One way to approach this question is to look at Madison’s record. Some people will be surprised to learn that the author of the Constitution was also the author of the implied-powers doctrine, which would seem to run counter to the few-and-defined-powers doctrine.

The U.S. Constitution, of course, was America’s second constitution, the first being the Articles of Confederation (1781–1789). The Articles did little more than formalize the confederation of soon-to-be sovereign states, leaving few powers to the single-branch national government. (It created Congress only, no executive or judiciary.) This government lacked two powers that national governments routinely exercise: the power to tax and the power to regulate trade. Indeed, the power to tax is so essential to the identity of government that we are warranted in calling what the Articles created a quasi government. For its revenue it depended on the power of the states to impose taxes on the people, but it could not tax the people directly. (Attempts to permit the national government to impose a duty on imports failed.)

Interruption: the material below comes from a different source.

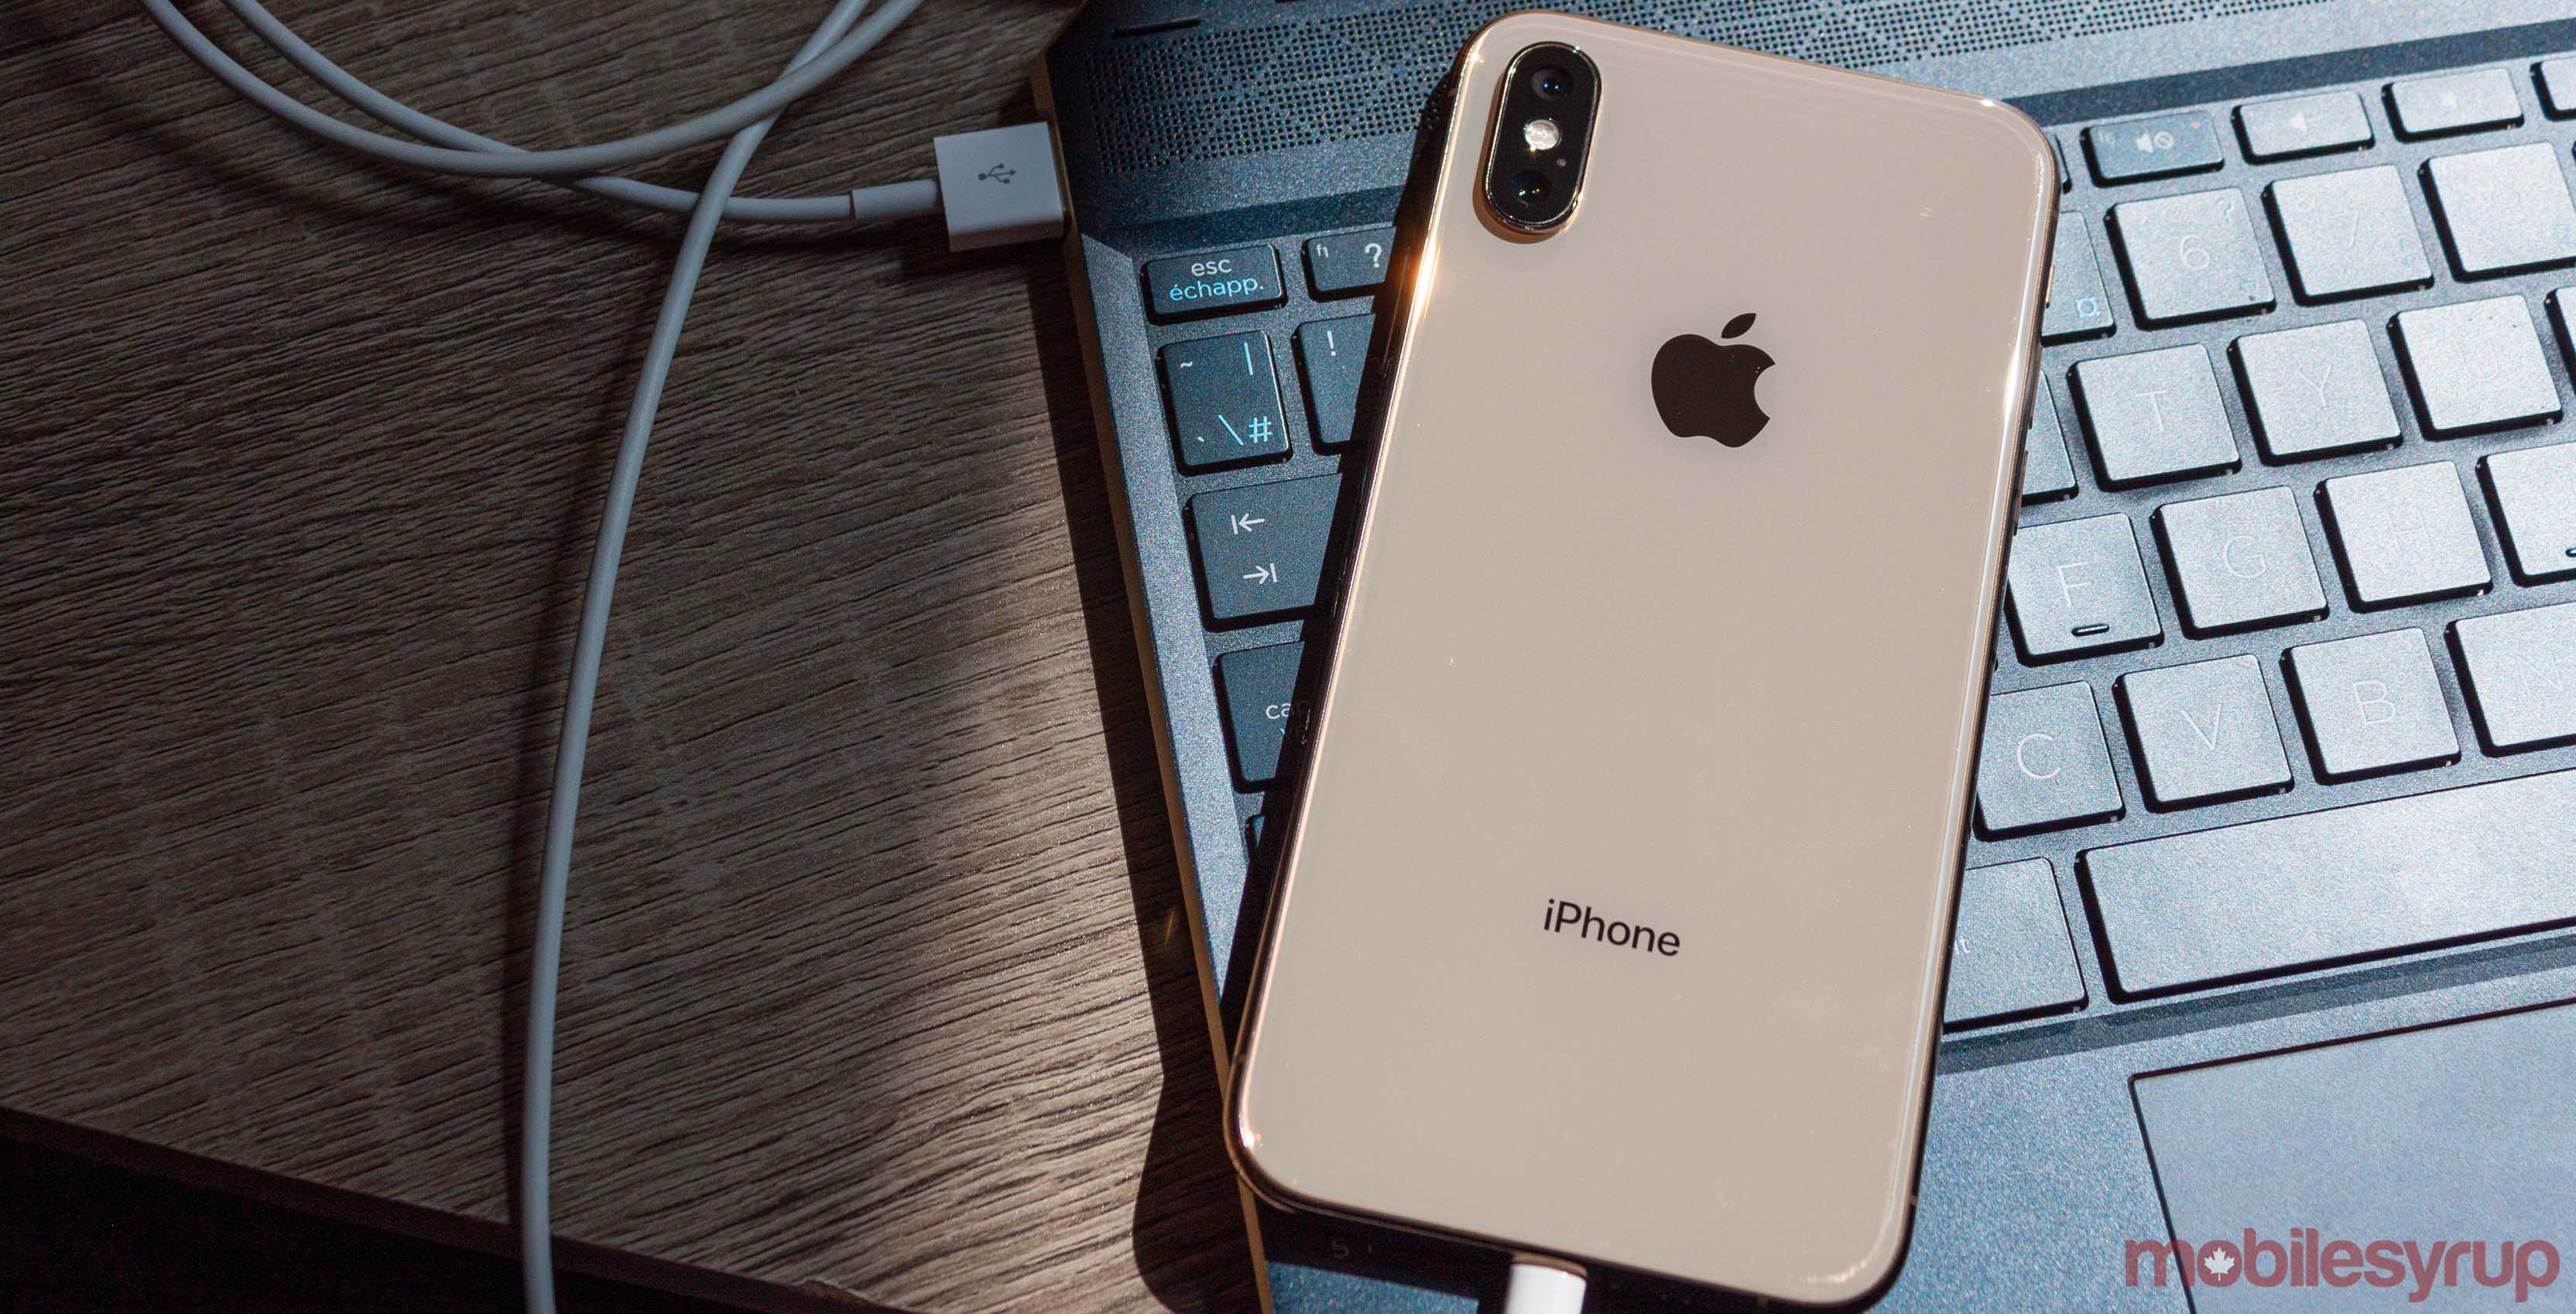 iPhone USB tethering

The bare-bones Articles left little for ambitious politicians to work with. What was a statesman to do? Less than two weeks after the Articles took effect, Madison hit on a solution. As a member of the Congress, he proposed an amendment:

A general and implied power is vested in the United States in Congress assembled to enforce and carry into effect all the articles of the said Confederation against any of the States which shall refuse or neglect to abide by such determinations.

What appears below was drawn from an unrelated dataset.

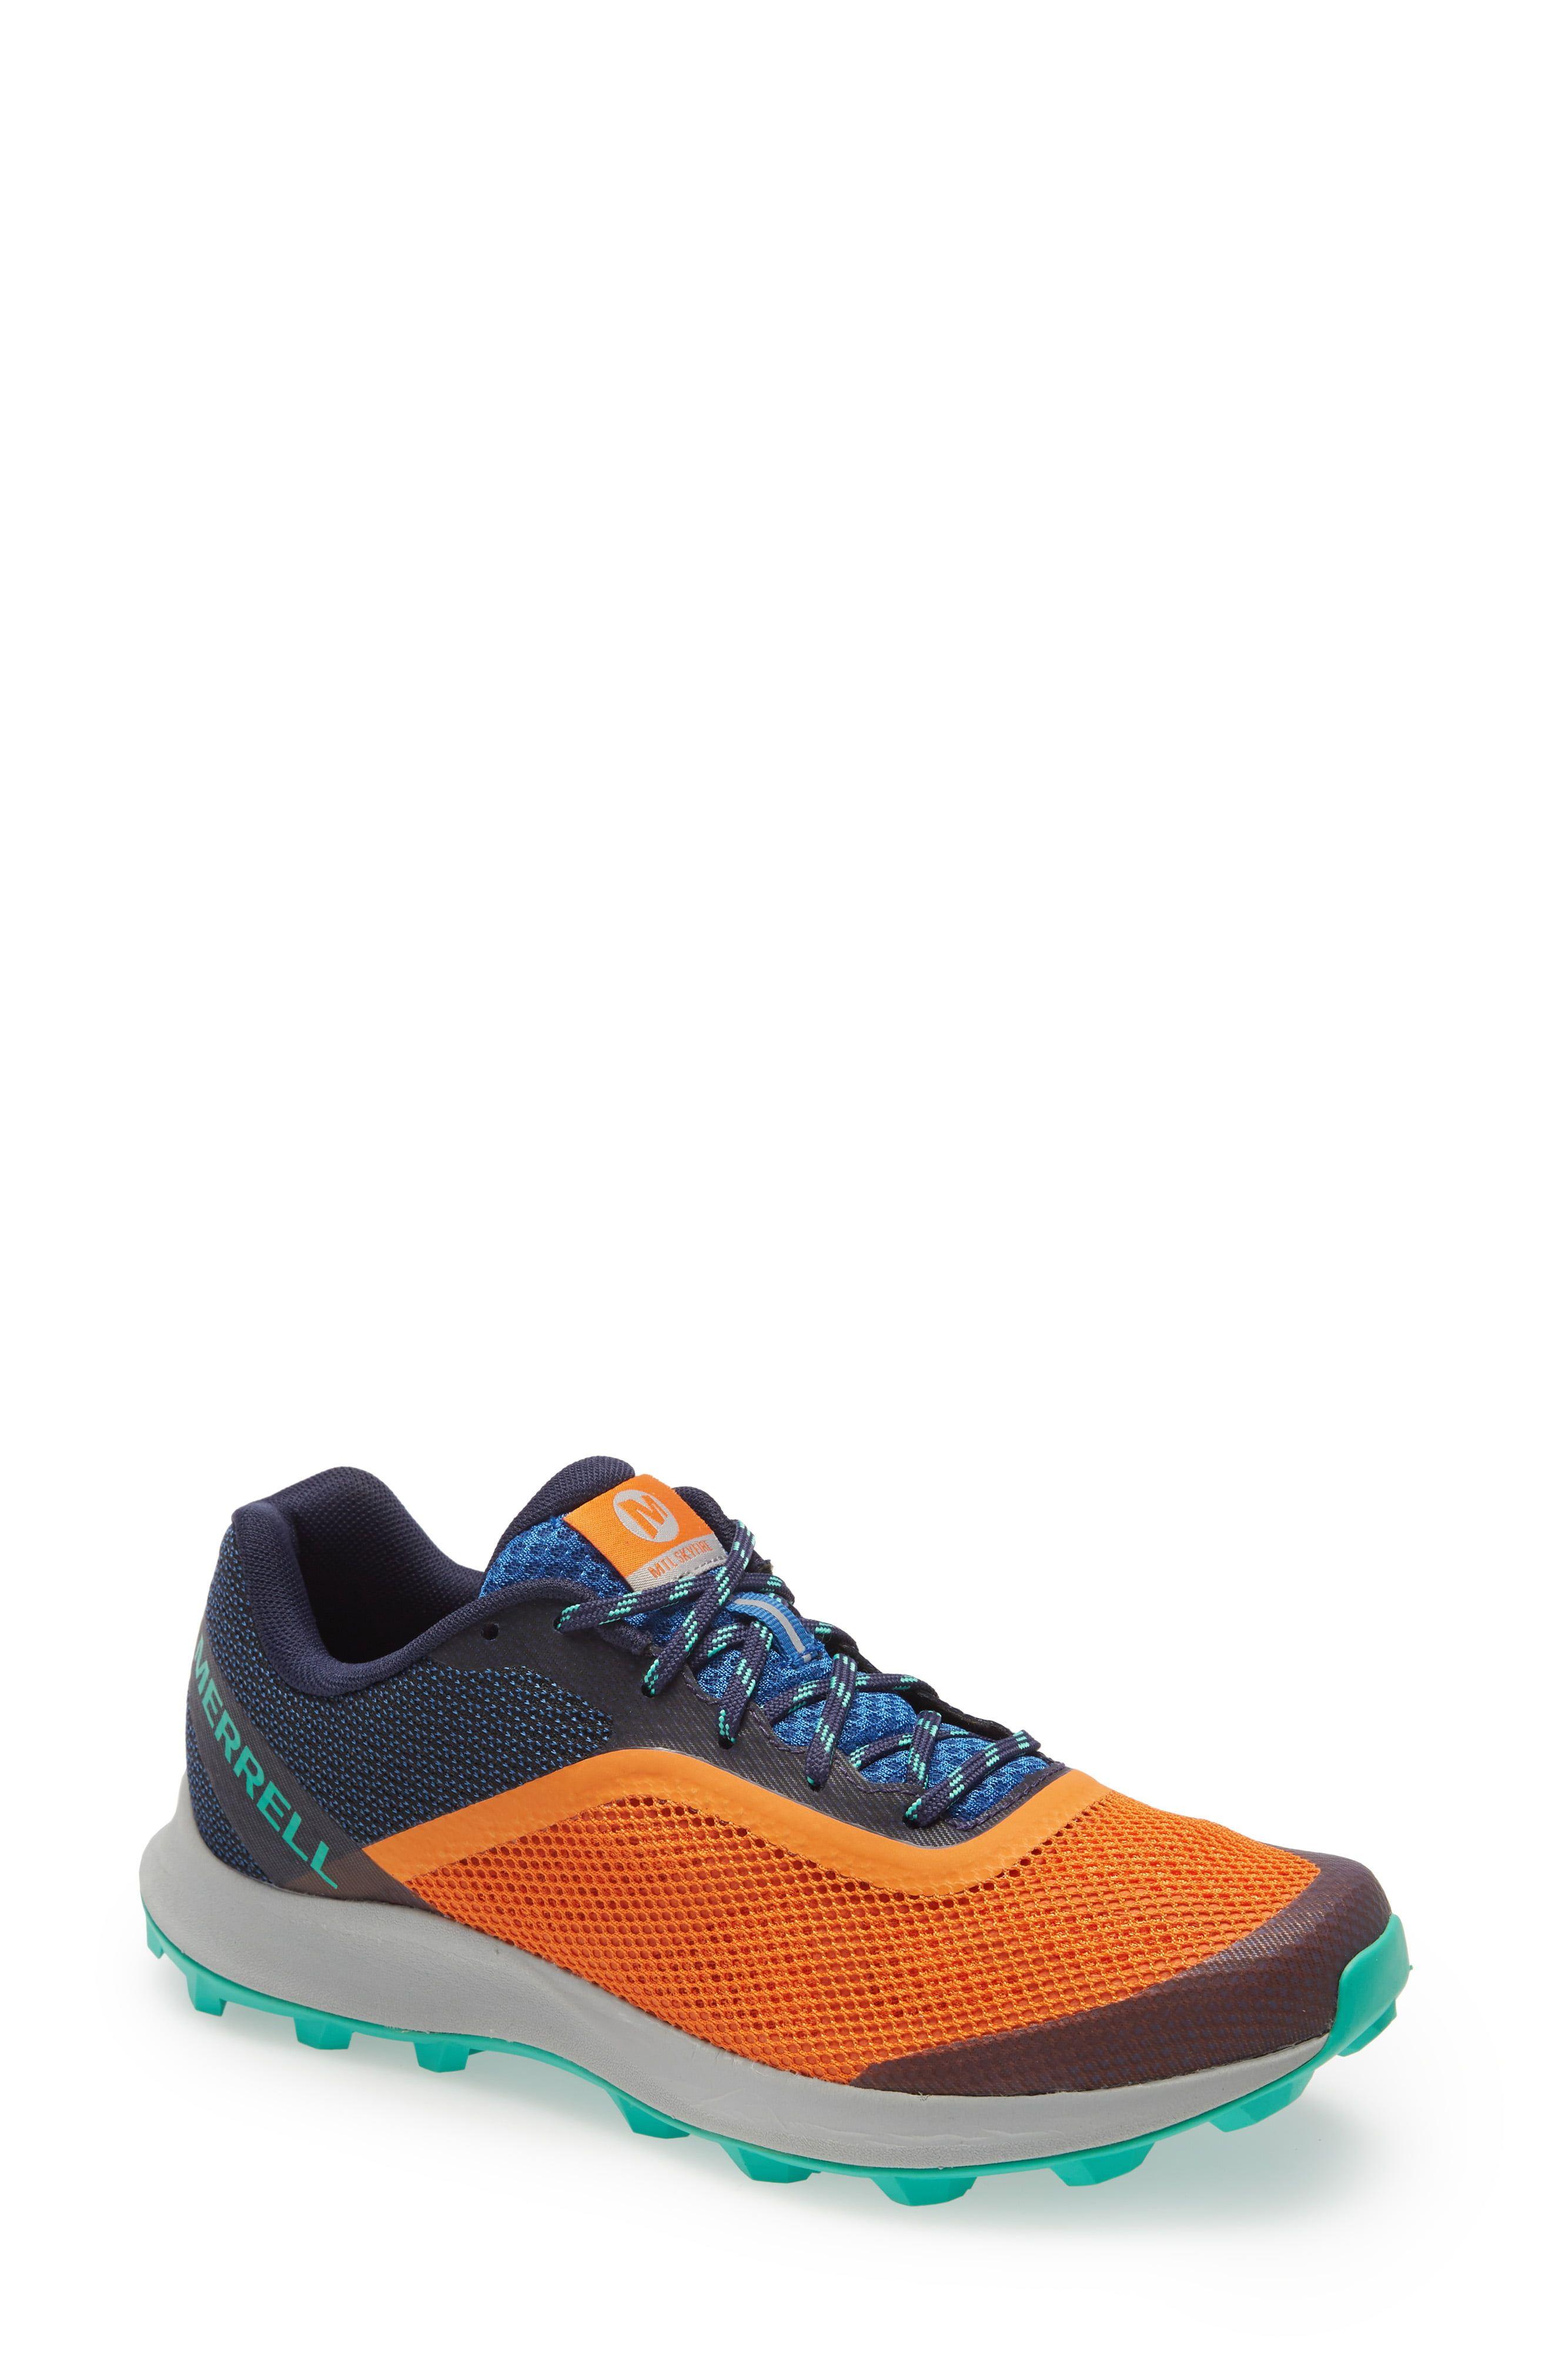 Merrell Womens Mtl Skyfire Track Shoe

Note the phrase “general and implied power.”

As his biographer, Ralph Ketcham, wrote, “Madison sought as well to make the mode of enforcement explicit: Congress was authorized ‘to employ the force of the United States as well by sea as by land’ to compel obedience to its resolves.”

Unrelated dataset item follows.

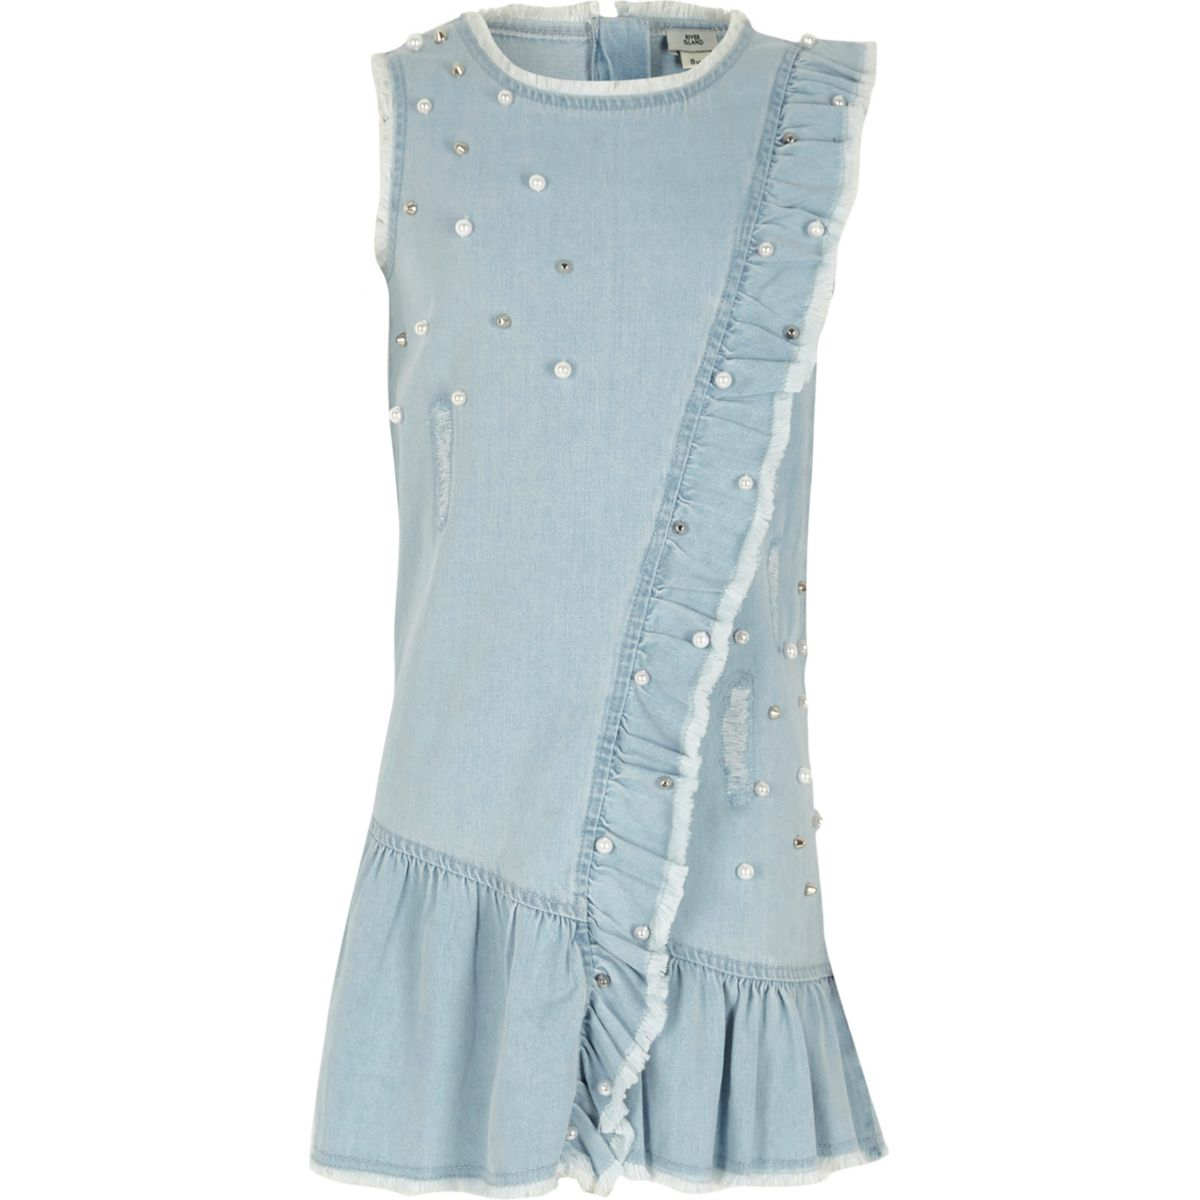 Robe en jean bleu clair ornée pour fille

The amendment, along with others that would have bulked up the central government, failed. (Ketcham noted that Madison then became “more devious”  in his attempts to enlarge its powers.)

The view held by Madison and other Founders that the central government was too weak paved the way to the convention in Philadelphia in 1787. Albert Jay Nock called this the “coup d’etat,” because rather than amending the Articles per its mandate, the convention, which worked behind locked doors, started from scratch. (Changes to the Articles would have required unanimous consent of the states. But the proposed Constitution set its own rules for ratification: only 9 of 13 states were required.

As Madison wrote to Thomas Jefferson: “The evils suffered and feared from weakness in Government … have turned the attention more toward the means of strengthening the [government] than of narrowing [it].”

This was echoed by James Wilson, a well-respected judge from Pennsylvania and an ardent nationalist: “It has never been a complaint [against congresses] that they governed overmuch. The complaint has been that they have governed too little.”

Madison’s interest in implied powers is indicated by what didn’t get into the Constitution. For example, the Articles of Confederation contained this language in Article II:

Each state retains its sovereignty, freedom, and independence, and every power, jurisdiction, and right, which is not by this Confederation expressly delegated to the United States, in Congress assembled. [Emphasis added.]

Nothing like this appeared in the Constitution drafted in Philadelphia. On the other hand, the document did extend to Congress the power to “make all laws which shall be necessary and proper for carrying into execution the foregoing powers, and all other powers vested by this constitution in the government of the United States, or in any department or officer thereof.”

This is the “necessary and proper” clause so feared by the Antifederalist critics of the proposed Constitution. As the Antifederalist “Brutus” wrote, “No terms can be found more indefinite than these, and it is obvious, that the legislature alone must judge what laws are proper and necessary for the purpose.”

Once the Constitution was released to the public, its champions set out to sell it to a skeptical populace. Wilson sought to assure the people that the government’s powers were expressly limited by enumeration:

The congressional authority is to be collected, not from tacit implication but from the positive grant expressed in the [Constitution].… [E]very thing which is not given [to the national government], is reserved [to the states].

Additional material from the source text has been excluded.